Google has confirmed that tab scrolling will return to Chrome sometime in the first half of 2026. The news comes directly from a Chromium engineer responding to frustrated power users in the issue tracker after the feature disappeared with Chromium 144.
The removal hit hard when Chrome and Brave suddenly stopped supporting horizontal tab scrolling earlier this month. Users who juggled dozens or hundreds of tabs found themselves staring at tiny compressed icons instead of being able to scroll through their tab strip with a mouse wheel or dedicated buttons.
One engineer from Google acknowledged the situation on January 17, saying the team knows tab scrolling matters for power users. They explained that while Chrome has wanted to ship this feature for over four years, the old implementation had problems that kept it from ever reaching the stable channel. That’s why it got pulled.
But here’s the good news. Google is rearchitecting the entire tabstrip to support a proper scrolling system. The new version should land in Canary, Dev, and Beta channels during H1 2026, though the engineer stopped short of promising an exact timeline until development actually starts.
The frustration was real across multiple Reddit threads.
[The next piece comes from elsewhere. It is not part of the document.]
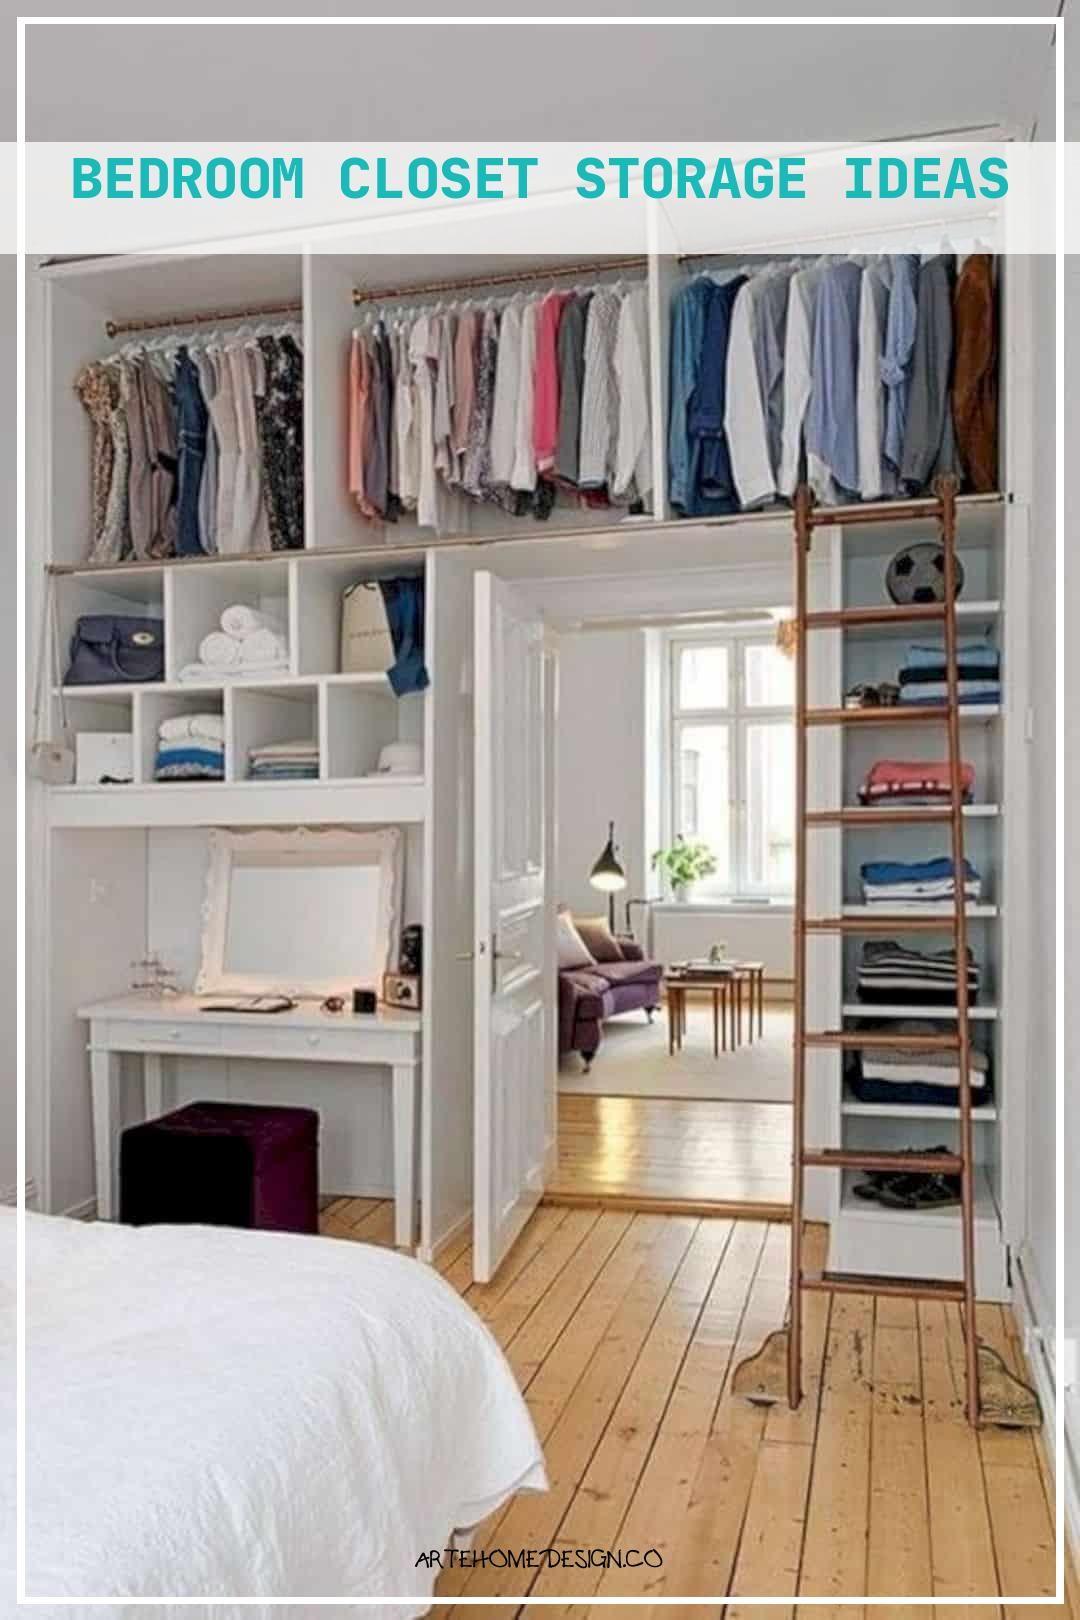 Homedecoration Homedecor Bedroomdecor Bedroomideas Interiordecor Interiordecorationideas Kitchenid In 2020 Bedroom Closet Storage Closet Bedroom Closet Storage

Users posted about tabs being impossible to navigate, workflows getting broken, and scroll wheel clicks no longer working. Some even threatened to switch browsers entirely. One person described spending an hour trying to fix what they thought was a bug, only to discover Google deliberately killed the feature.
In a follow-up comment on January 22, the same Google engineer suggested temporary workarounds. Multi-window workflows could help immediately. Another option involves using the enterprise LTS version of Chrome, which still runs on M143 and has tab scrolling enabled, though that requires extra setup steps.
Google also pointed users toward the vertical tabs feature currently available in Chrome Canary. That implementation includes scrolling by default and should become usable for people with pinned or grouped tabs within two to four weeks.
Vertical tabs have been in development for months and represent Google catching up to what Edge, Firefox, and Vivaldi figured out years ago.
The promise to bring back horizontal tab scrolling by mid-2026 should calm some nerves. Google scrapped the old buggy version but commits to delivering a better replacement. For anyone managing research projects or just hoarding tabs, that can’t come soon enough.